Monday, January 15, 2007

The Flying Fox

flying fox edit

This is a small, "back-of-the-book" ad from an aeronautical magazine of 1949. (The faint secondary image in print-through from the other side of the page.)

So?

It's interesting as a tiny window into another time and place. What can we deduce from this?

1. At least for minor "name recognition" ads in postwar England, the basics of typesetting (as we think of them now) weren't considered very important. None of the lines are centered, even in relation to one another. Kerning, to make letters of different sizes appear to be evenly spaced, never crossed the typographer's mind.

2. On the other hand, the Flying Fox logo is delightful: a quasi-geometric, post-Art Deco fantasy. This was a decade before corporations started going in for meaninglessly abstract logos that were the equivalent of Bauhaus architecture, untouched by human hands. The Flying Fox, as befits a steel manufacturer's symbol, is dignified but symbolizes motion (because the company's products were used mainly in aircraft?) and induces that mythological tingle we feel when kinds of animal are combined, as in a centaur or sphinx.

3. These "electric steels" (I'm not up enough on steel technology to tell you what that means) were made in Sheffield, where "The Full Monty" was set in a post-industrial wasteland. But, obviously, in 1949 the city still had a reason for being: they made things there.

4. The company had very likely been founded, probably in the 19th century, by one S. Fox. His descendants had been bought out by a bigger firm, United Steel Companies.

Googling "Flying Fox Electric Steels" or "S. Fox & Co." yields no useful results. I wonder if anyone in Sheffield today remembers them. United Steel Companies is listed on the site of the Durham Mining Museum; apparently it mined its own coal for its steelworks. It was nationalized in 1947 under Britain's Socialist government, although the board doesn't seem to have changed much from that of 1940, and as we have seen, it was still running adverts in shameless capitalist fashion.

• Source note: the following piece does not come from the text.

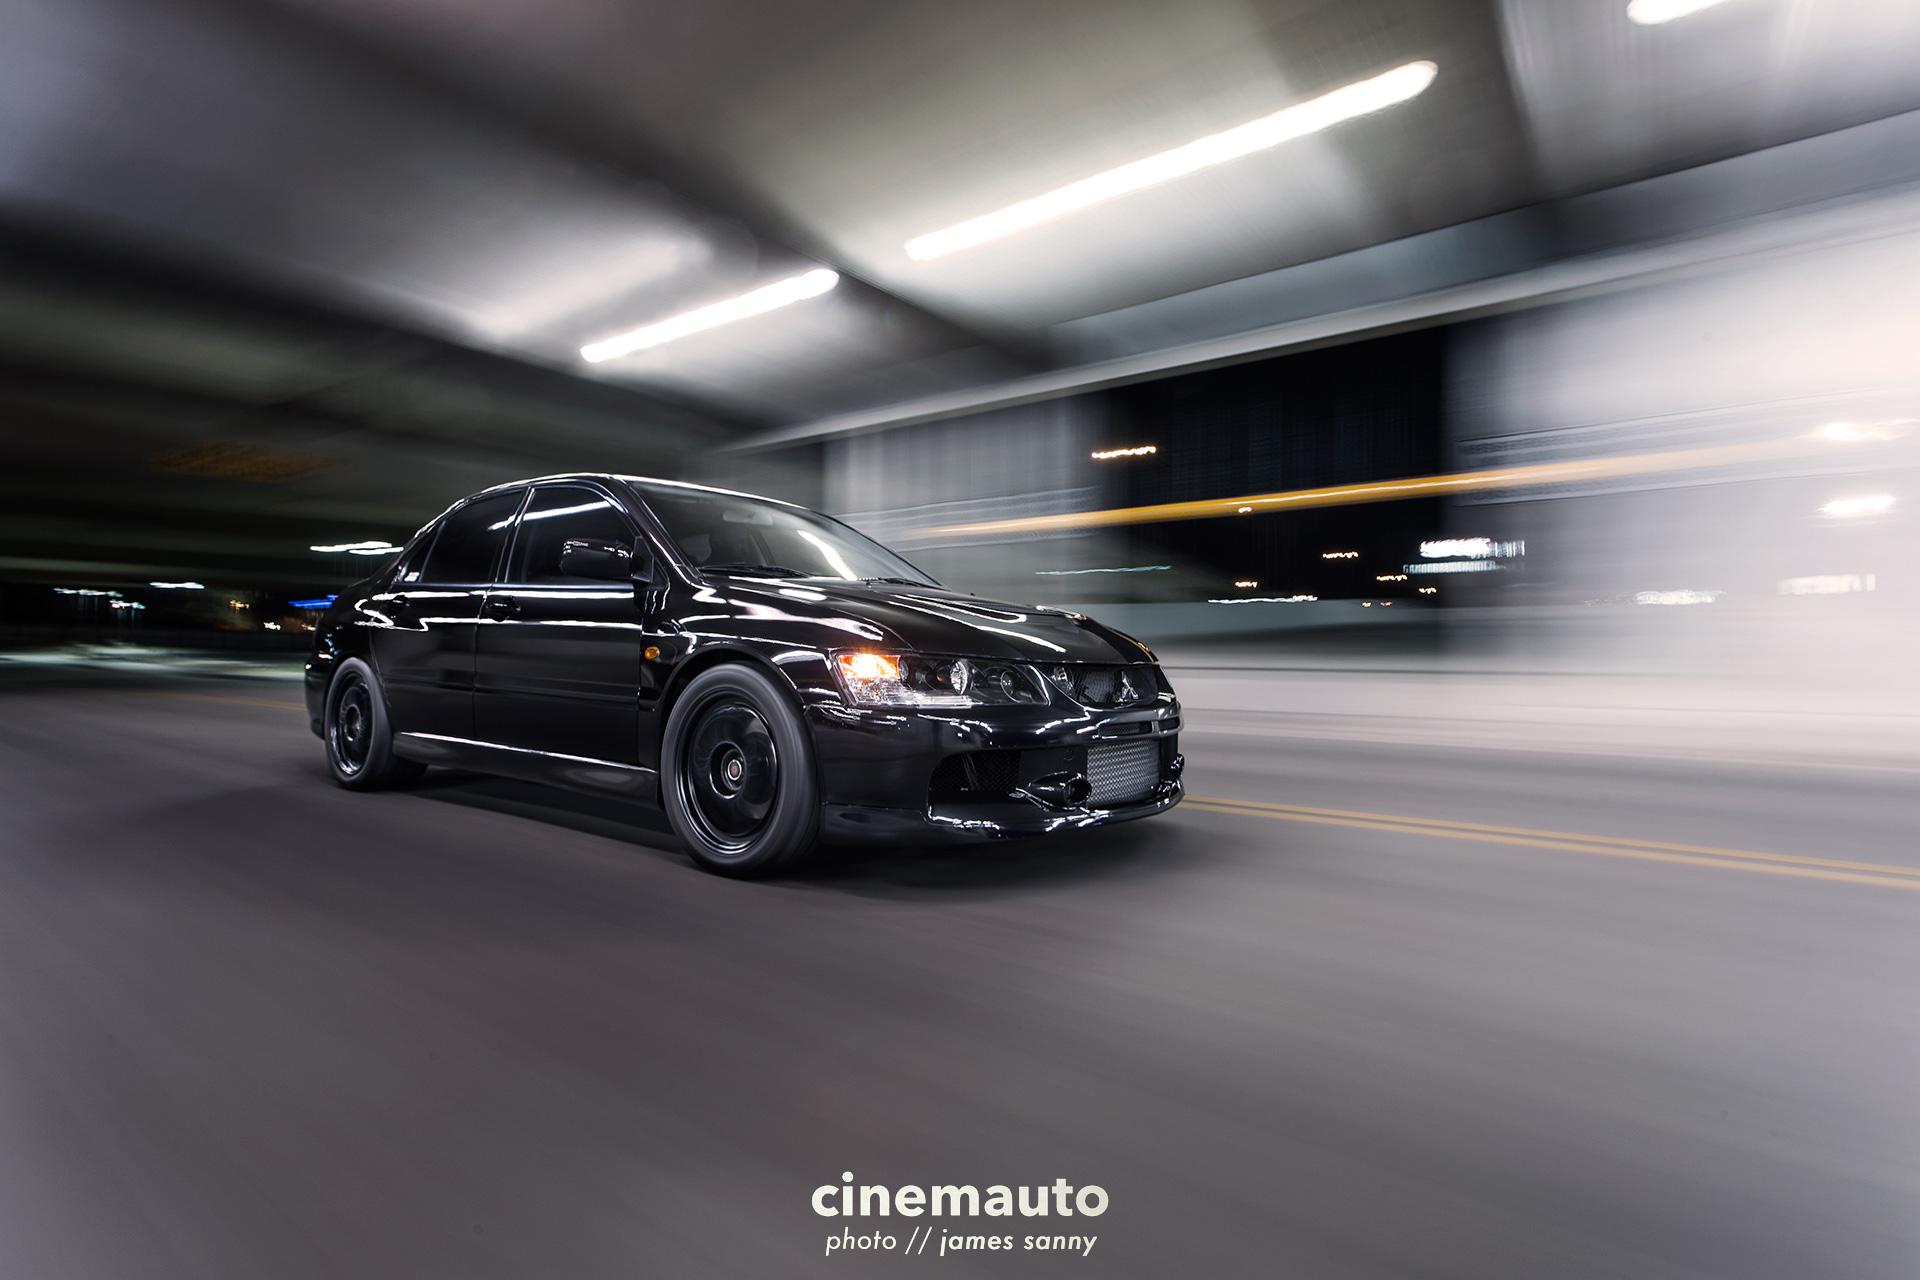 wichita-automotive-photographer-cinemauto-james-sanny-tj13sm.jpg

As a note on the bizarre socio-political status of Britain at the time, it can be seen that this government-owned corporation was still headed by a baronet -- the bottom rung of the English artistocracy, but still, an aristo. Nor had the proletariat seen off the Right Honourable
W.S. Morrison, M.C., K.C., M.P. from his director's chair.

The director lists for 1940 and 1947 show where captains of industry lived. J. Henderson was at home at
44 Campden Hill Gate, London, W.8. I can place that: it's in Kensington, still a tony district, and I've been to a meeting of the Society for Psychical Research in the Campden Hill Library. Residences of other board members offer the flavour of Old England: The Manor House, Tittensor, Stoke-on-Trent; High Rogerscale, Lorton, Cockermouth, Cumberland; 4b Fredericks Place, Old Jewry, London, E.C.2 (I bet "Old Jewry" has since passed out of use); Chetwode Priory, Buckinghamshire.

So it was, in the day of the Flying Fox.

1 comment:

Rick Darby said...

Img,

You're right, of course, about a flying fox being a kind of bat. I'd known that sometime, but had completely forgotten. Zoology is obviously not my patch.

I don't see what you mean about each each line being offset to the right of the line above.